━━ SUPPLIED INFORMATION

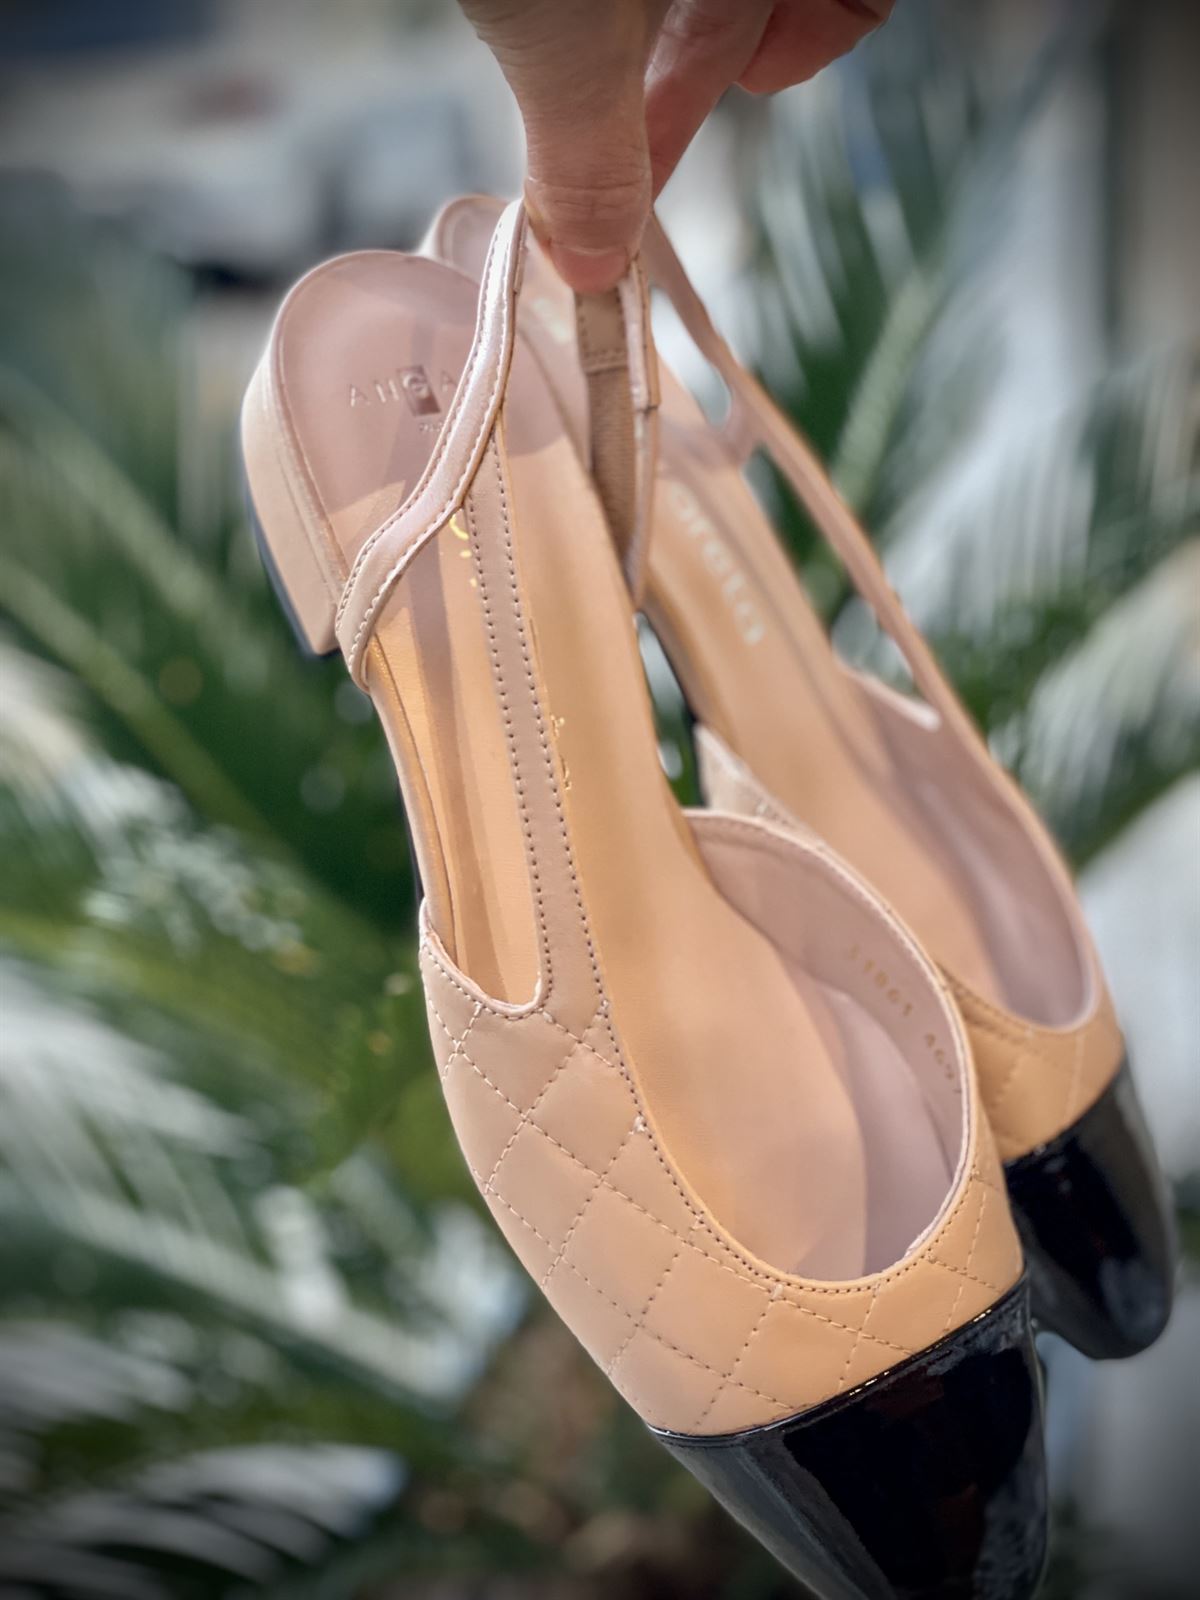 Zapatos Angari bailarinas puntera charol bicolor - Imagen 5
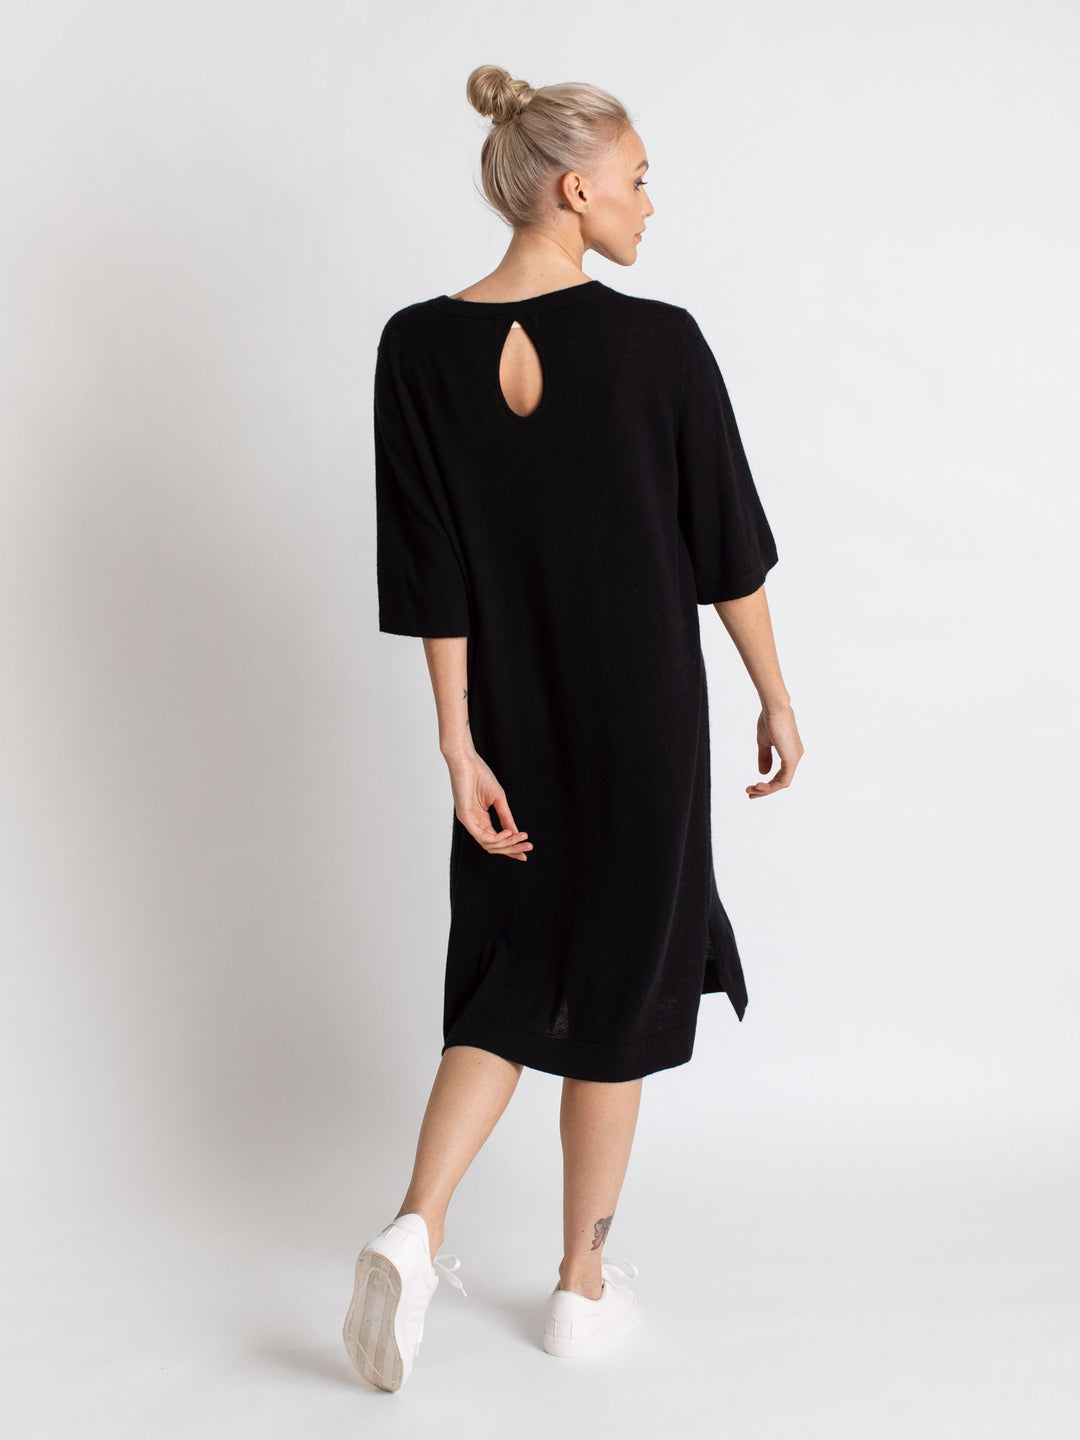 Cashmere "Tunic" in 100% pure cashmere. Color: black. Scandinavian design by Kashmina.
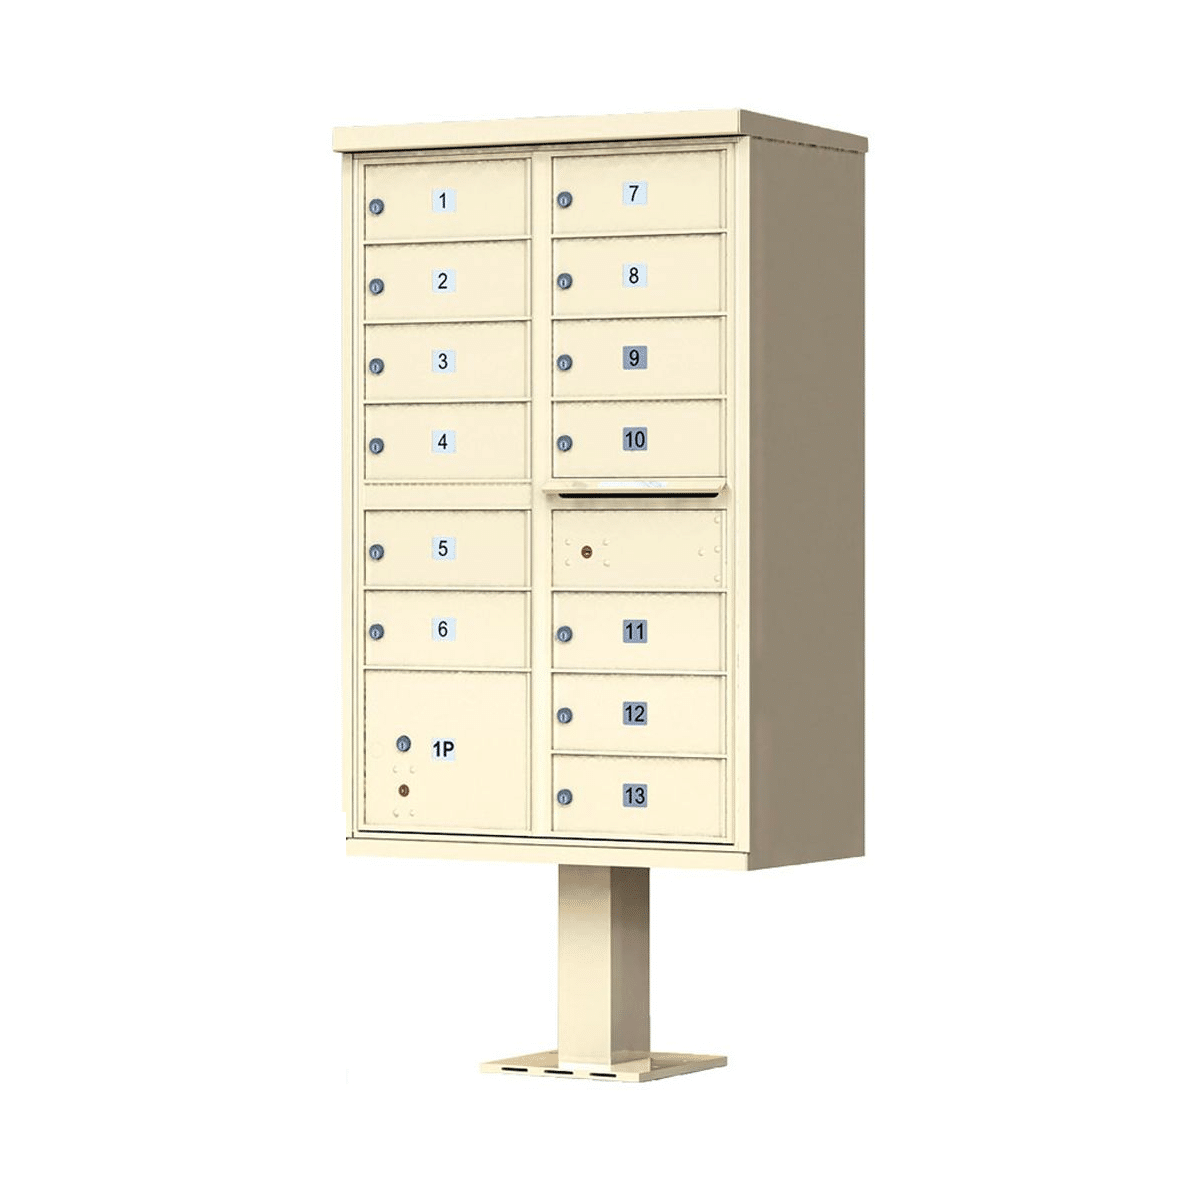 Florence CBU Cluster Mailbox - 13 Tenant Doors, 1 Parcel Locker Featured Image
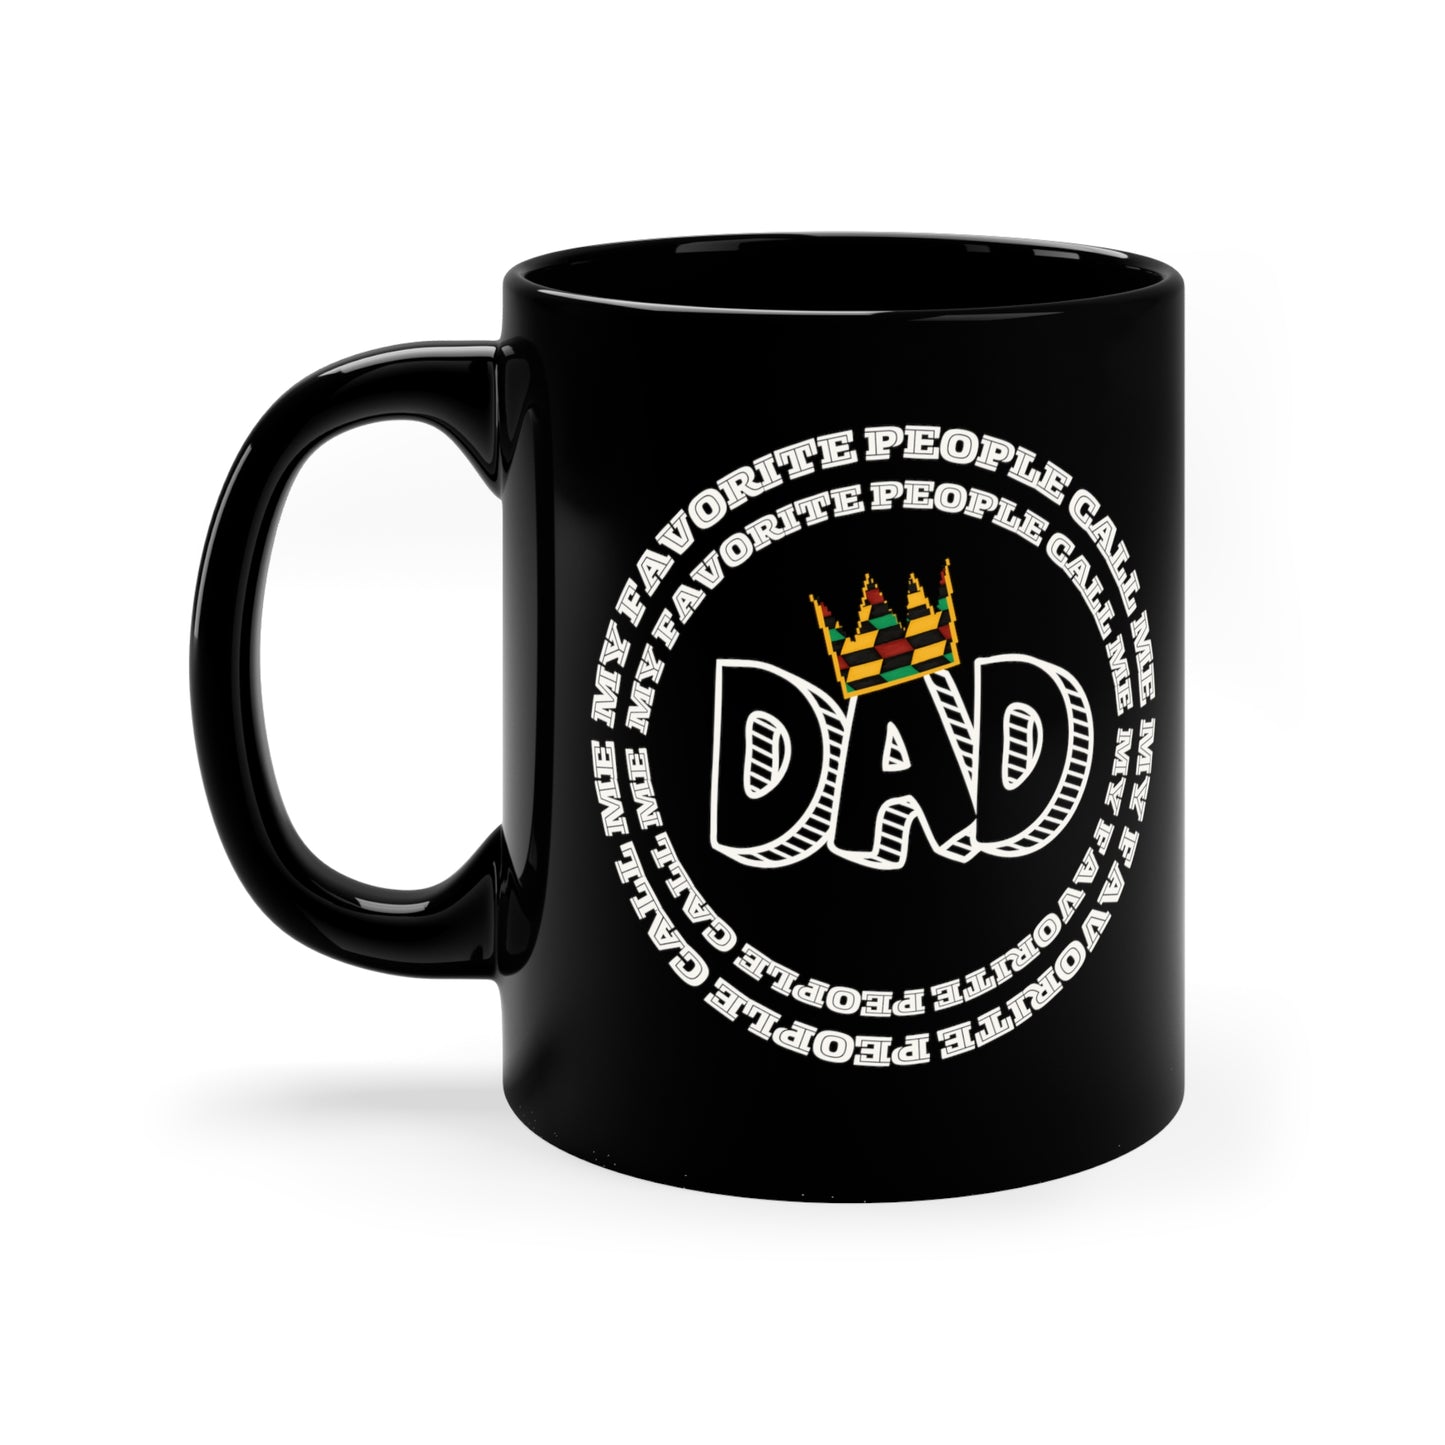 My Favorite People Call Me DAD Black Coffee Mug, 11oz
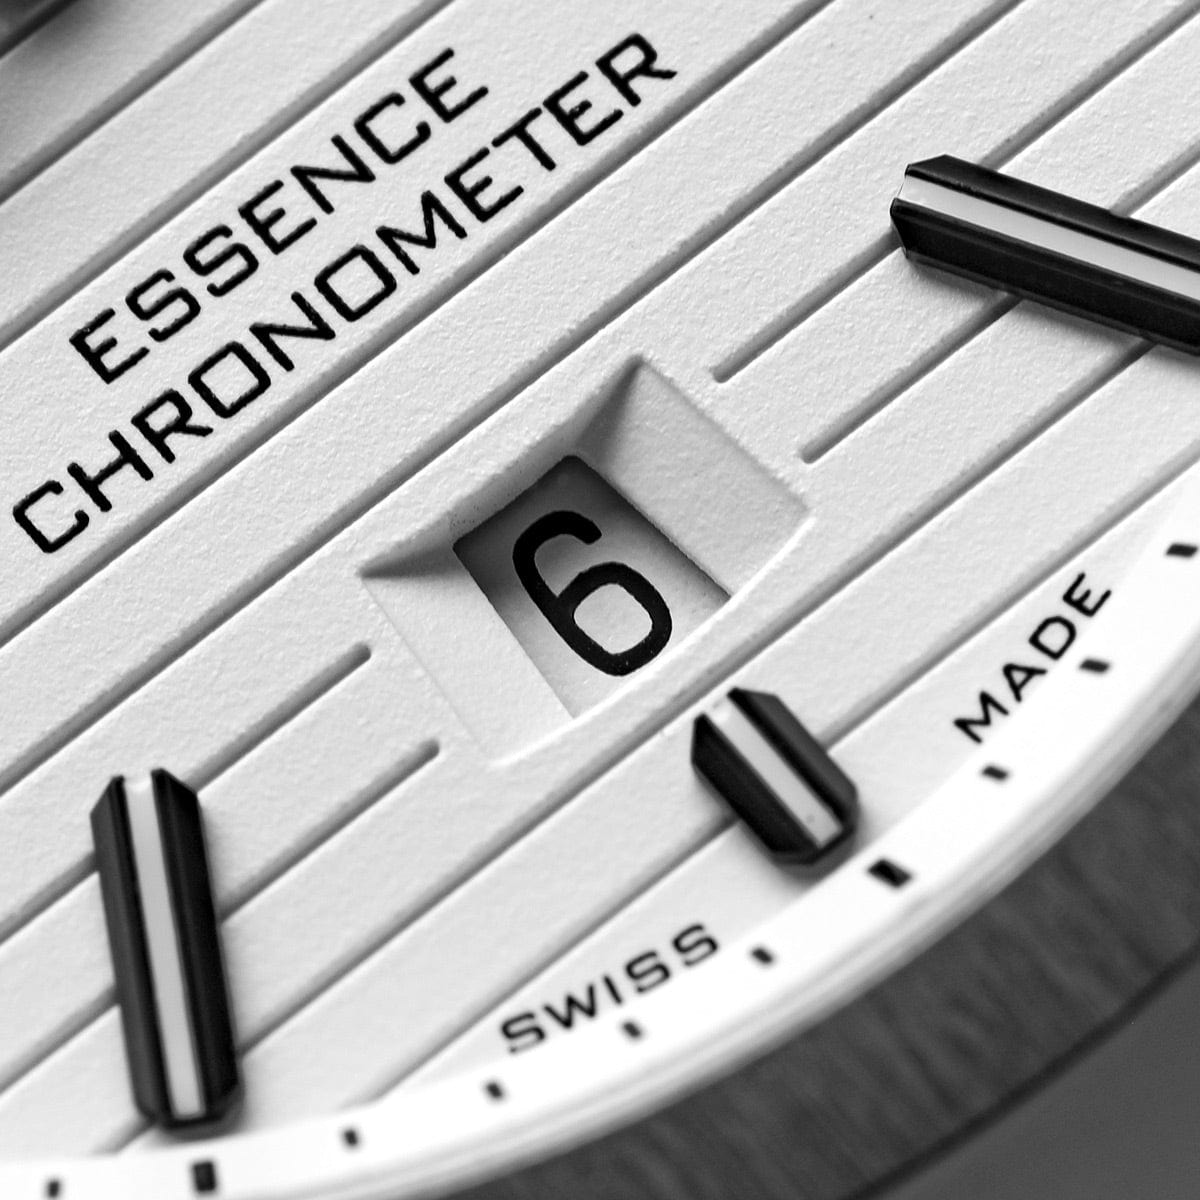 Formex Essence 39 Automatic Chronometer Watch - Green / Steel Bracelet

━━━━

DESCRIPTION OF THE TASK >> Leave the pictures out, then output exactly the lines from the "design by Kashmina." line through the end of the records above, and no others.

TASK SOLUTION >>
 Cashmere "Tunic" in 100% pure cashmere. Color: black. Scandinavian design by Kashmina.
 Florence CBU Cluster Mailbox - 13 Tenant Doors, 1 Parcel Locker Featured Image
 My Favorite People Call Me DAD Black Coffee Mug, 11oz
 Formex Essence 39 Automatic Chronometer Watch - Green / Steel Bracelet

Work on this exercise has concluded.